If Banzhaf’s efforts were not overly appreciated at the FCC and the ACS, Henry Geller conceded that the young lawyer performed a singularly useful service in monitoring broadcasters’ compliance with the requirement for adequate airtime for the antismoking commercials—a task the FCC’s limited staff simply could not accomplish. When Banzhaf, by then out of his law firm and trying to put together his own organization, Action on Smoking and Health (ASH), tabulated the airtime being allotted by New York’s WNBC-TV for the antismoking commercials, he found that it came to far less than one-fourth of the time consumed by paid cigarette commercials, the ratio set by the FCC’s guideline. He promptly petitioned the commission to strip the NBC network’s flagship outlet of its broadcast license—a move that caught all broadcasters’ attention and notably improved compliance.

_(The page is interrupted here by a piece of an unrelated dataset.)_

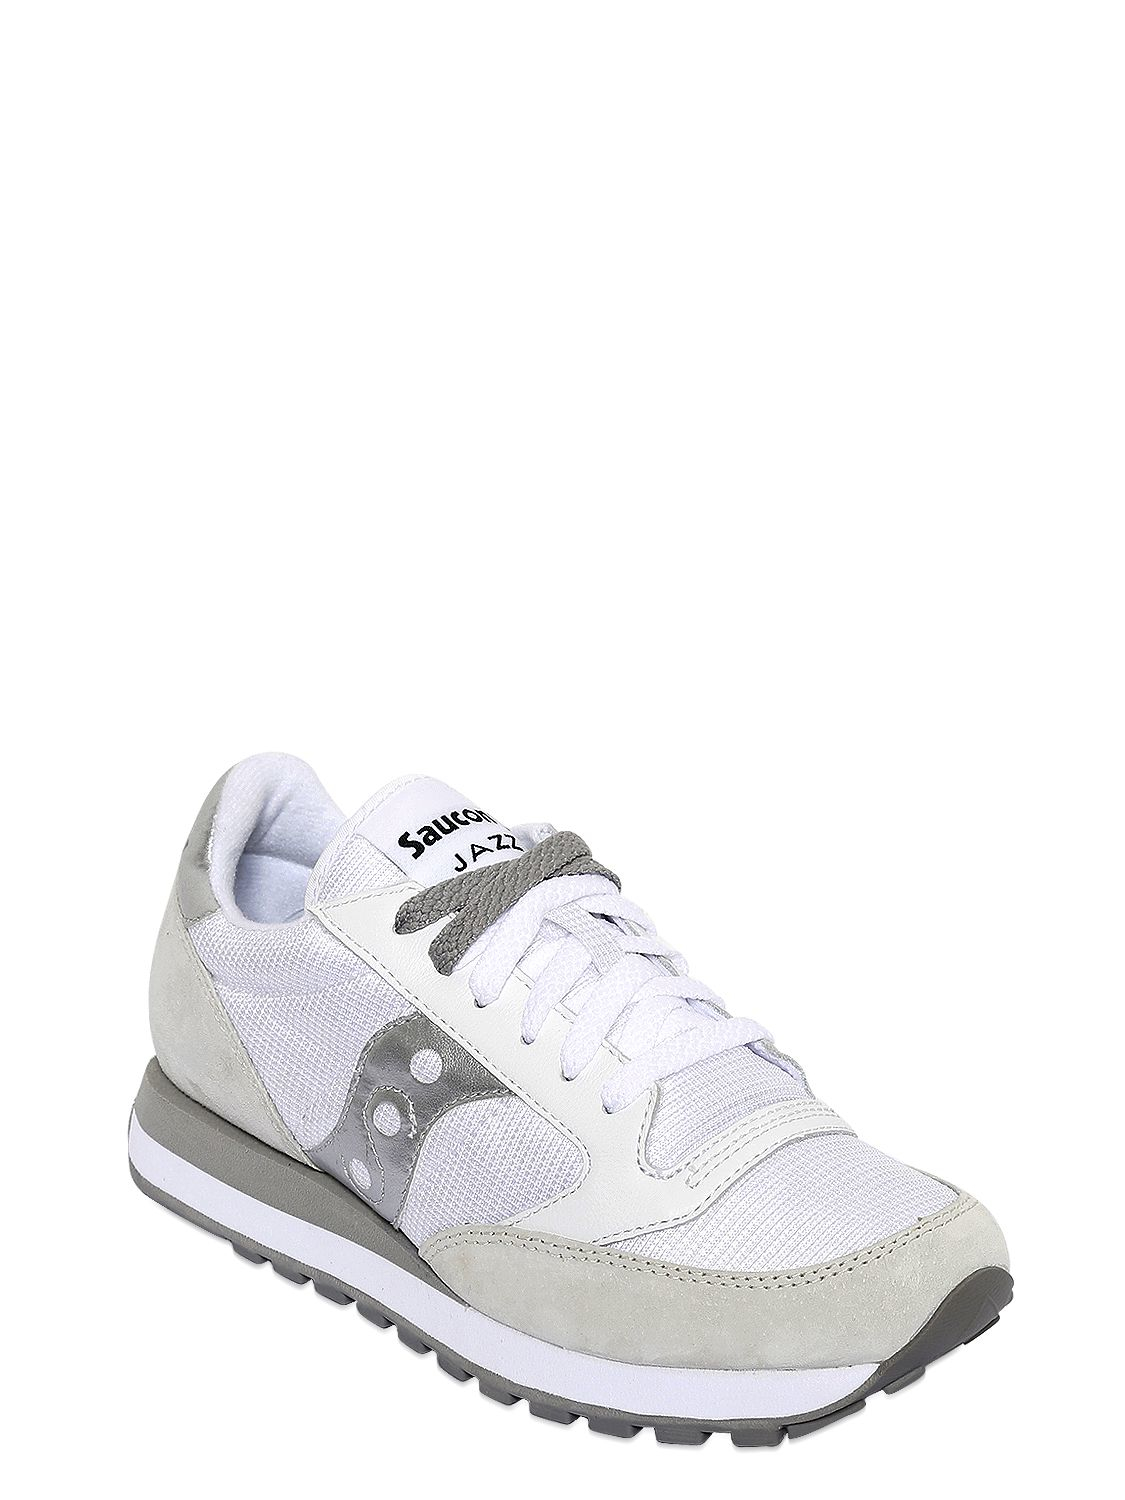 saucony sneakers white

A few years later, as a member of the law faculty at George Washington University specializing in tort law and consumer advocacy, Banzhaf continued his crusade against the tobacco industry, leading the way, for example, in the effort to obtain separate smoking and nonsmoking sections in airplanes. As a frequent public speaker and expert witness before Congress, he had a gift for dramatizing the antismoking case and made telling use of props of his own devising, like an ashtray he distributed to congressional offices that was topped by a plastic model of a pair of human lungs, one of which turned black when it had absorbed enough cigarette smoke. But ASH served in large part as a vehicle for Banzhaf, and his unwillingness to share the spotlight and build an organization would ultimately keep him from becoming what he liked to bill himself as in the early days of the antismoking movement—“the Ralph Nader of the cigarette industry.”

IV

AMERICAN
T
OBACCO
, then ranking second in sales in its industry, and last-place Philip Morris faced different challenges in the late ’Sixties.
American, under its new president, ex-salesman Barney Walker, vowed to reverse a seven-year slippage in market share by dramatically altering its product mix, which was 90 percent in unfiltered brands when Walker took over in 1963. Philip Morris, with 90 percent of its sales already in filter brands, was in danger of becoming a one-horse stable—only its Marlboro brand was displaying friskiness.

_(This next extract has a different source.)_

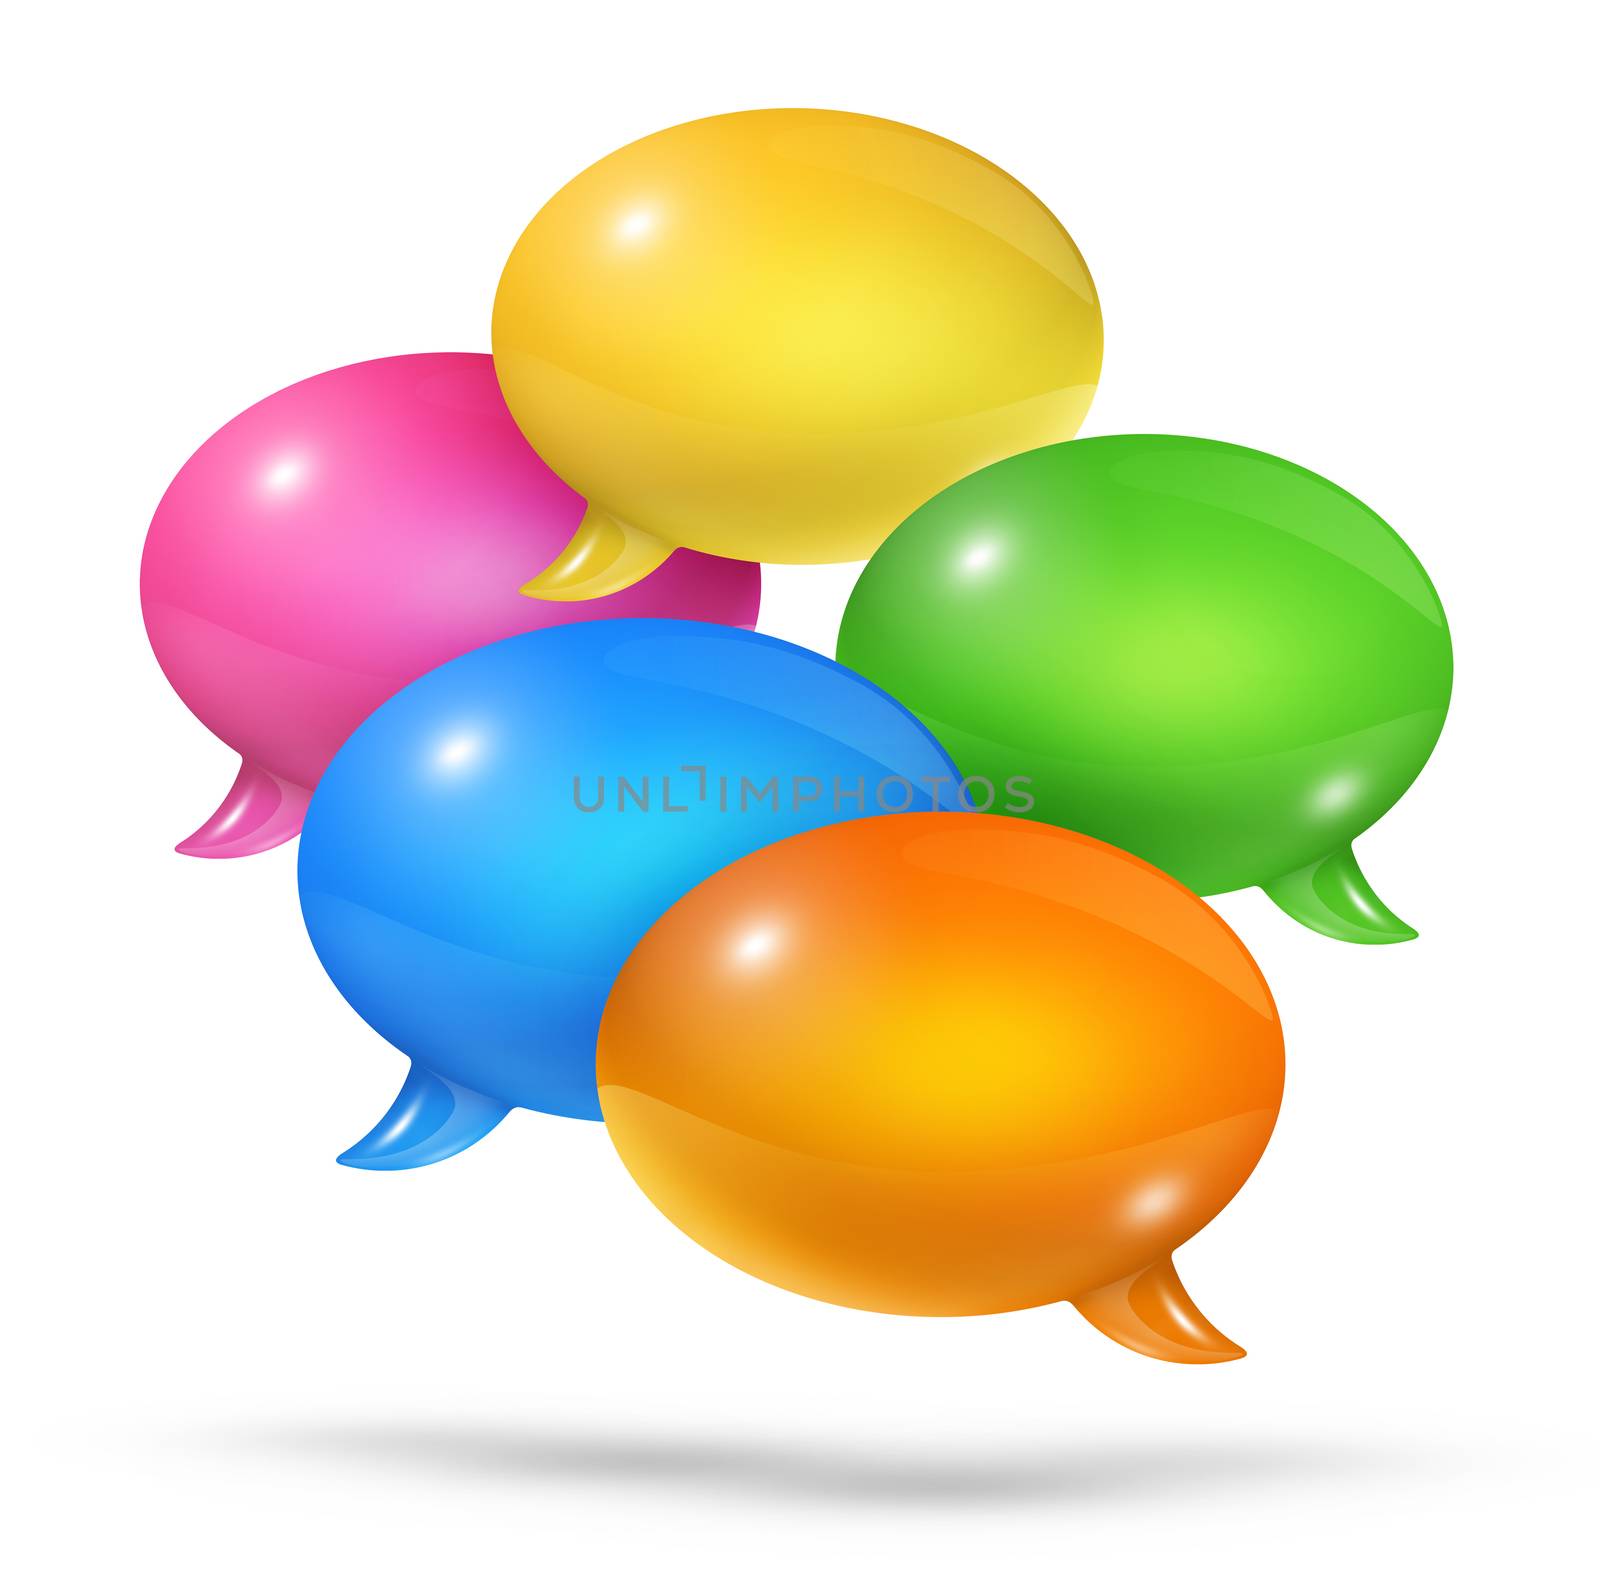 3D group of colored speech bubbles isolated on white

Walker was a whirlwind. He markedly increased the advertising budget, strengthened the sales force, putting his field men on a pay-for-performance basis, and installed a companywide profit-sharing plan to spur initiative. He also cut production costs in ways that old-timers felt were cheapening the company’s brands, like making use of less expensive foreign leaf and reconstituted tobacco sheets, and replaced twelve of the company’s seventeen directors, previously all American Tobacco officers, with outsiders. He introduced many new cigarette brands and, though last in the industry to do so, undertook a vigorous drive to diversify the company, all the while enjoying the fast corporate lifestyle, seeing his name in the papers, and office perks like a chef who prepared no fewer than four daily specialties for the officers’ dining room. But in the end, American Tobacco only lost ground in the cigarette business as Walker mistook motion for progress and favored the broadside volley over the sharpshooter’s aim.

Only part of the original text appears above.